Filozoficzne misje metalowego wojownika – recenzja komiksu „Żywa stal” Eduarda Mazzitelliego i Enrique Alcateny

25 maja 2020

Eduardo Mazzitelli, Enrique Alcatena „Żywa stal”, tłum. Jakub Jankowski, wyd. Mandioca
Ocena: 9 / 10

Hark to imię łotra i nikczemnika, który ostatecznie stał się niepokonanym herosem. Cena, jaką przyszło mu jednak zapłacić za przemianę, okazała się wyjątkowa kosztowna. „Żywa stal” to próba odpowiedzi na pytanie, co stanowi istotę człowieczeństwa. To prawdopodobnie jedno z najoryginalniejszych dzieł spod znaku heroic fantasy, które znaleźć możemy obecnie na rynku.

„Żywa stal” stanowi efekt artystycznej współpracy rysownika Enrique Alcateny oraz pisarza Eduardo Mazzitelliego. Można powiedzieć, że argentyńscy twórcy zrealizowali komiksową epopeję, choć Hark nie zawsze zasługuje na to, aby być opiewanym w kronikach. Na samym początku poznajemy go jako więźnia Arcypana, władcy nienazwanej krainy, w której rozgrywa się akcja komiksu. Bohater nie jest jednak przeznaczony na stracenie, jego przyszłość związana jest bowiem z przerażającym eksperymentem. W ciało nieszczęśnika ma być wlana żywa stal, tajemnicza substancja, dzięki której Hark stanie się maszyną do zabijania. Zyskując nadludzką moc, stopniowo traci jednak pierwiastki człowieczeństwa.
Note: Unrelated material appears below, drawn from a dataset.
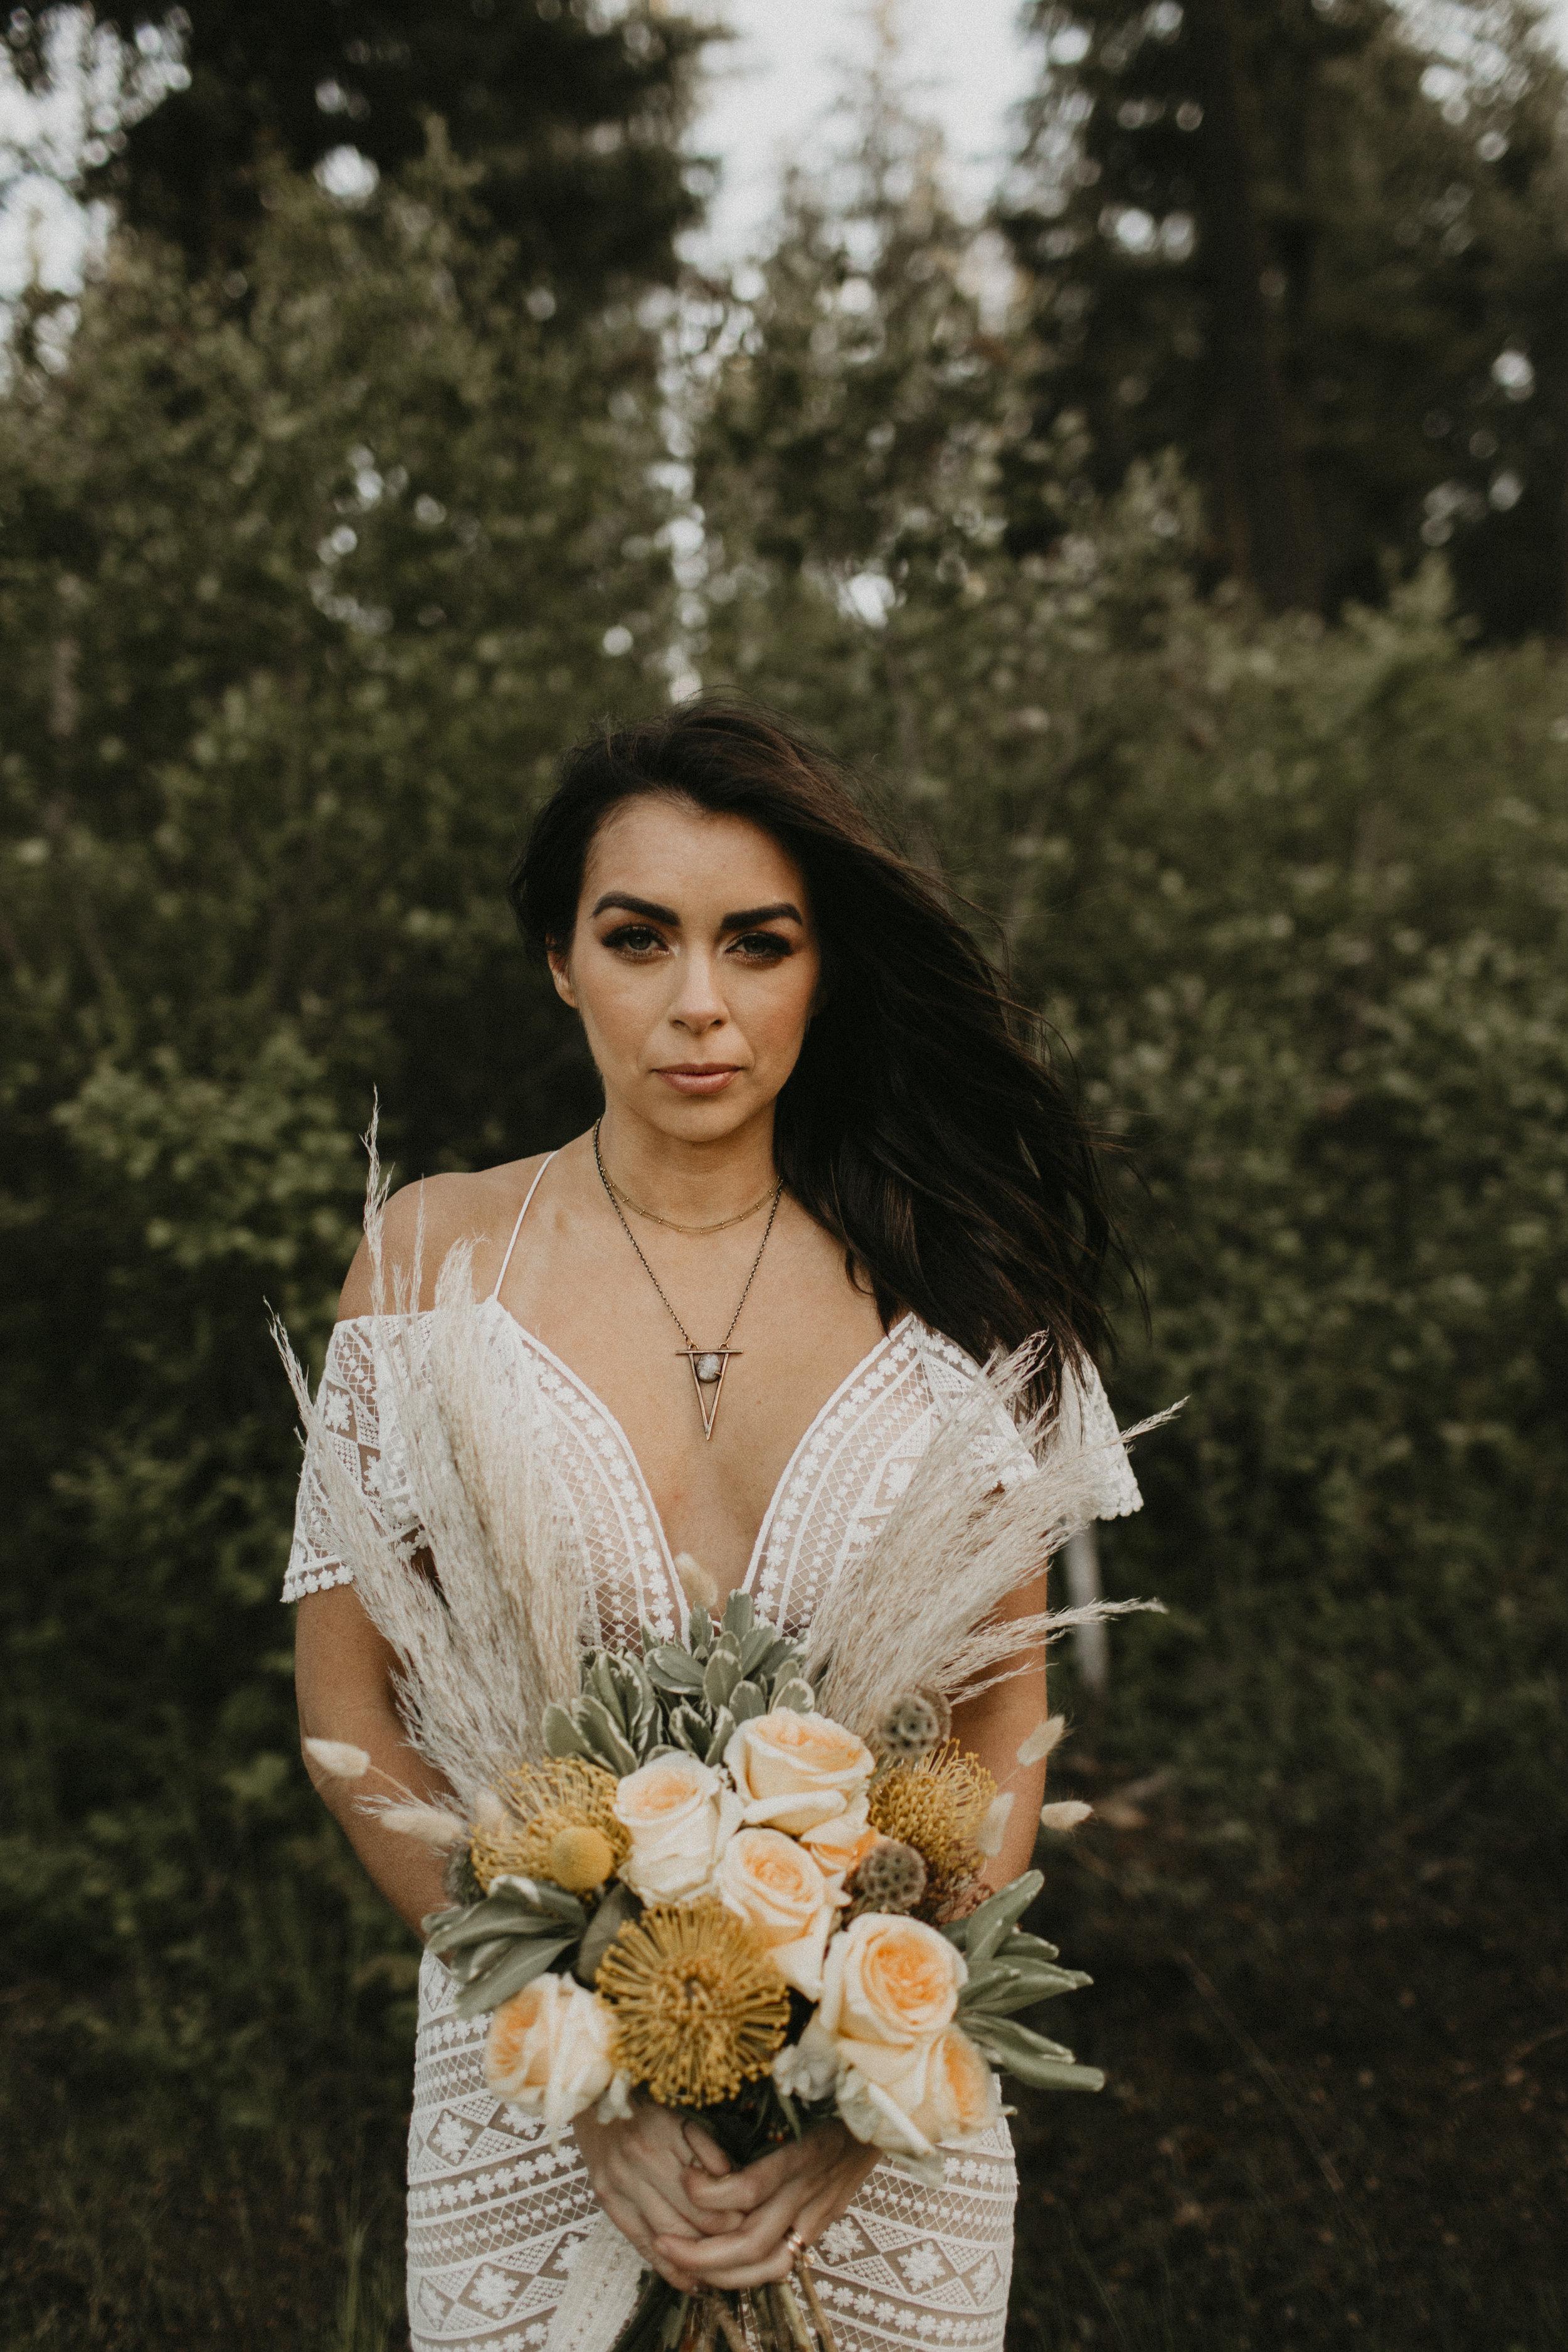 Spokane boho cattle wedding bride flowers outdoors portrait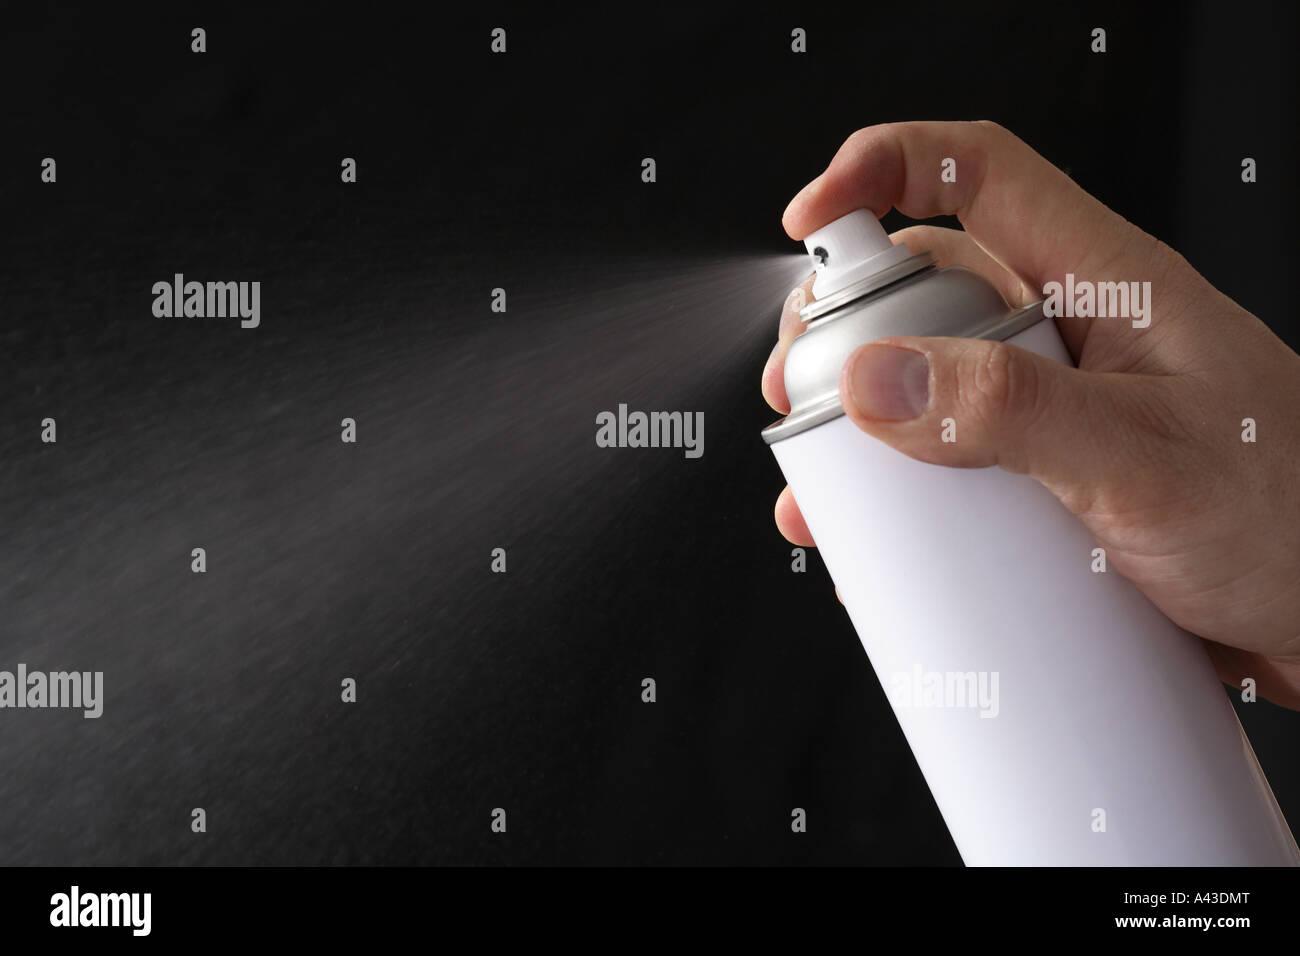 Spraying an aerosol can - Stock Image

Drogę bohatera znaczą przemoc, krew i łzy. Mazzitelli zadbał o dramaturgiczny rys historii. Hark pomyślany był jako bezwolny niewolnik, swoiste monstrum Frankesteina, potwór w metalowej zbroi. W wyniku eksperymentu Arcydziadka – maga, mędrca i szarlatana w jednym – pancerz stał się tak naprawdę jego ciałem. Wojownik na nowo uczy się poznawać rzeczywistość, nazywać swoje emocje, zaspokajać pragnienia, wreszcie szukać sensu. I o tym właśnie, między innymi, opowiada „Żywa stal”. W komiksie ewoluuje nie tylko Hark, ale również postaci drugoplanowe, żeby przywołać chociażby Ru Ais Lamp Siloga oraz Eqa Rhotaxmarca, skonfliktowanych magów, którzy pragną zrozumieć tajemnicę nieśmiertelności i zyskać najwyższą pozycję w hierarchii.

Dysponując tylko czernią i bielą Alcatena stworzył dość umowny świat znajdujący się poza czasem. Narysował pałacowe wnętrza należące do różnych watażków i frywolnych władczyń, nadał kształt opuszczonym kopalniom, położył fundament pod mroczne świątynie i niecodzienne targowiska. Wizualny język jest niezwykle wyrafinowany, wielowymiarowy. Aby docenić jego piękno, będziemy musieli udać się na „Spacer po piekle”, trafić do „Złotego miasta”, a potem spotkać „Enigmatyczkę”.

„Żywa stal” to opowieść przesiąknięta symboliką, mitologicznymi motywami z różnych kręgów kulturowych, filozoficzna w wymowie. Nie brakuje jednak w niej też żywiołowej akcji – naznaczonej dramaturgią, subtelną erotyką i grozą. Dzieje Harka przypominają halucynacje, oniryczną podróż w nieznane. To przepięknie wydany komiks, do którego warto wracać. Treść jest bowiem interesująca, natomiast wizualizacje – prawdziwie magiczne.